Conceptual model of groundwater flow

the flow of water through a porous medium (Fig 6.1)

water flows tortuous paths

geometry of channels is very complex

frictionles flow is totally meaningless!

conceptual model of flow through a porous medium is flow through a bundle of very small (capillary) tubes of different diameters (Fig 6.2)

the flow (Q) through a horizontal tube can be described as: Q = -p*D⁴/(128*m)*dp/dx (Poiseuille's law)

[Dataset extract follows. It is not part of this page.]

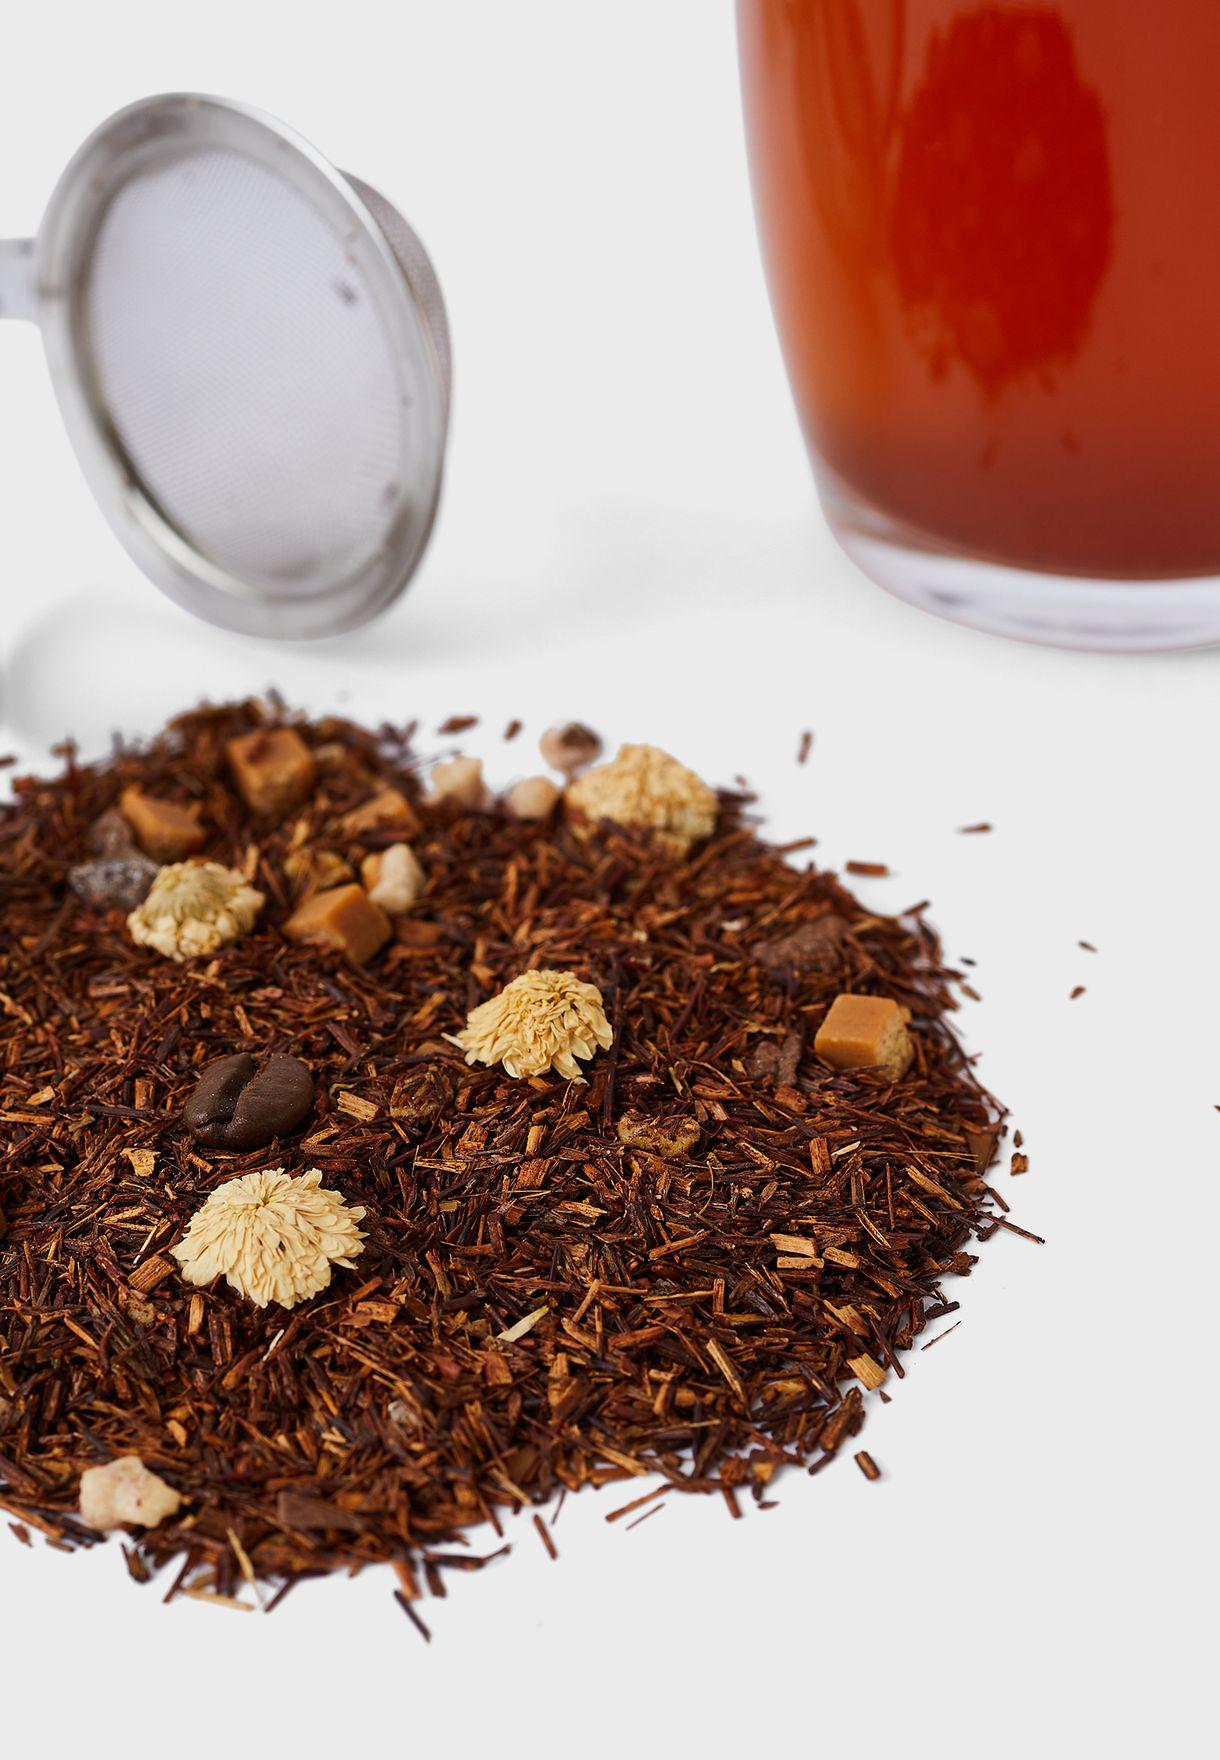 شاي اعشاب - تيراميسو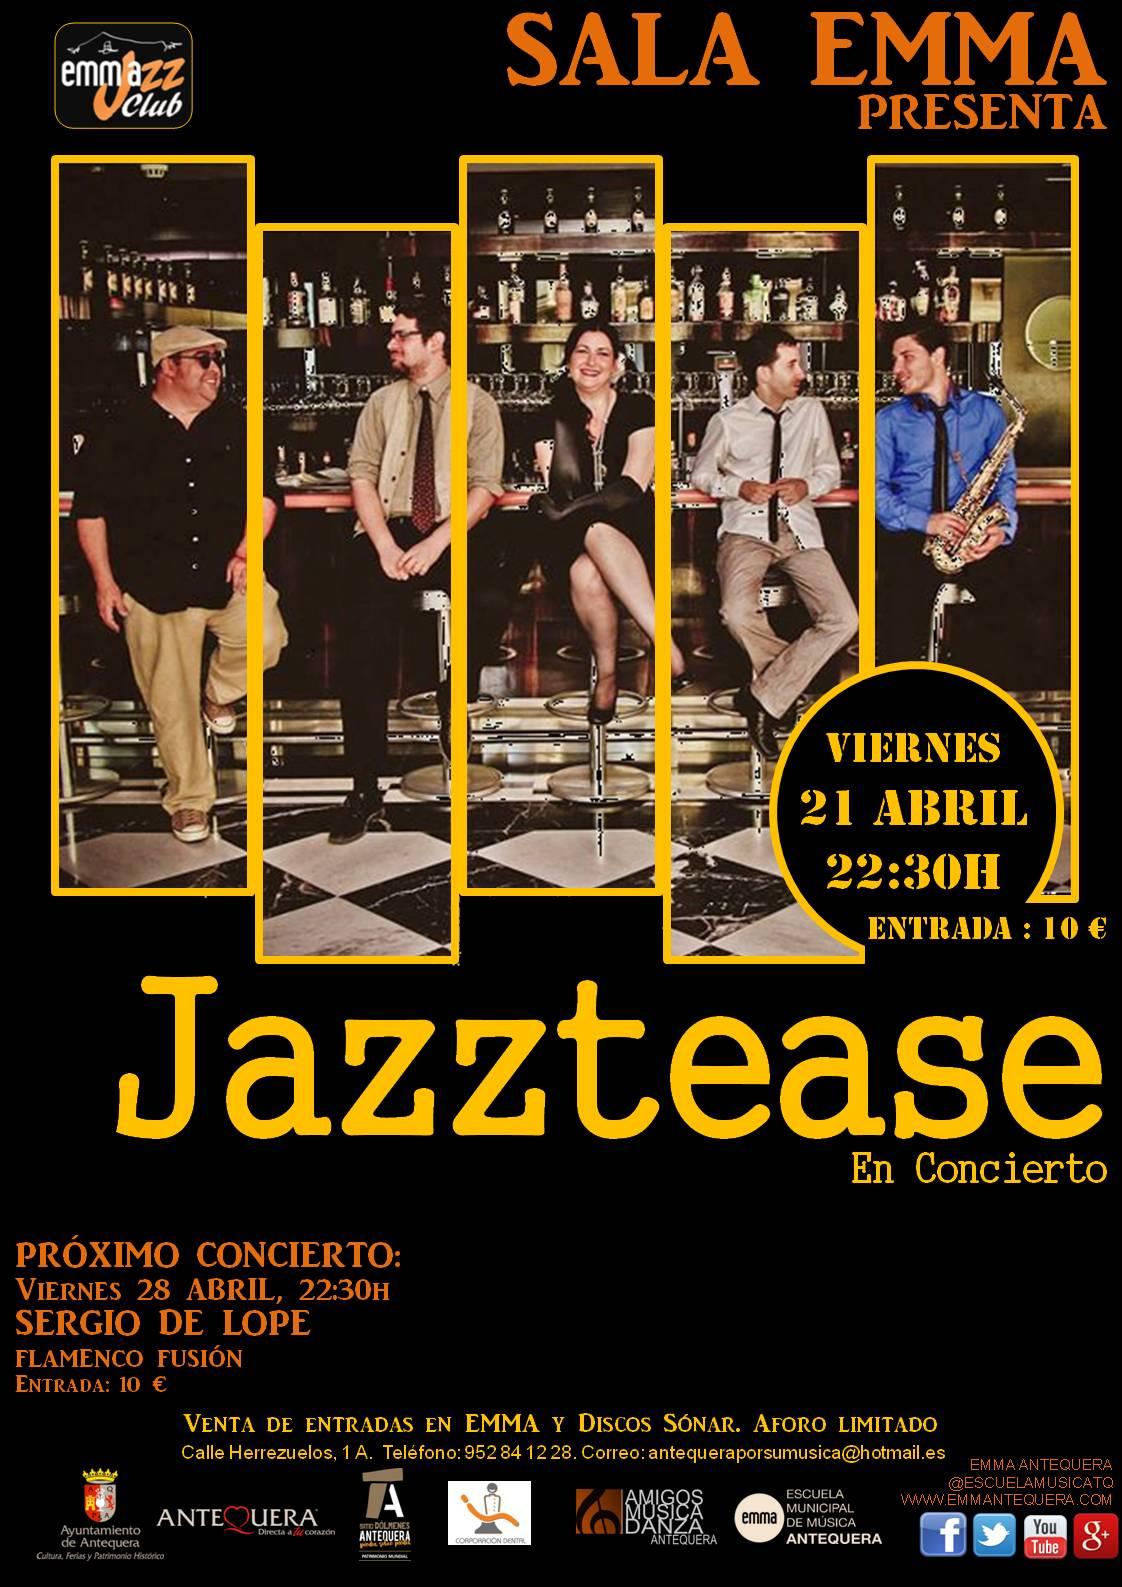 jazztease

=> size of the capillary tubes is important!

Darcy's law

• what drives groundwater flow?
• water flows from high elevation to low elevation and from high pressure to low pressure, gradients in potential energy drive groundwater flow
• Bernoulli equation said: u²/(2*g) + z +p/(r*g) = constant, means: velocity head + elevation head + pressure head = total head
• in groundwater flow, we cannot make the assumption that there is no friction, therefore the  head is not constant
• also u is so small that that term can be typically neglected  (example!)
• groundwater flows from high to low  head
• how do you measure the head or potential? => drill an observation well, the elevation of the water level in the well is a measure of the potential energy at the opening of the well
• in 1856, a French hydraulic engineer named Henry Darcy published an equation for flow through a porous medium that today bears his name (Fig. 6.3)
• Q = KA (h₁-h₂)/L or q = Q/A = -K dh/dl, h: hydraulic head, h = p/rg + z
• thought experiment: hydraulic head distribution in a lake
• q = Q/A is the specific discharge [L/T], dh/dl is the hydraulic gradient
• K is the hydraulic conductivity [L/T]
• the law is very similar to Ohm's law for electrical curcuits I = 1/R * U (current = voltage divided by resistance)
• the orginal Darcy experiment yielded these data (Fig 6.4)
• the analogy between Darcy's law and Poiseulle's law suggests that K = (const*d²)*rg/m
• the first term (const*d²) is k, the intrinsic permeability [L²], summarized the properties of the porous medium, while rg/m describe the fluid
• hydraulic conductivities and permeabilities vary over many orders of magnitude (Fig 6.5)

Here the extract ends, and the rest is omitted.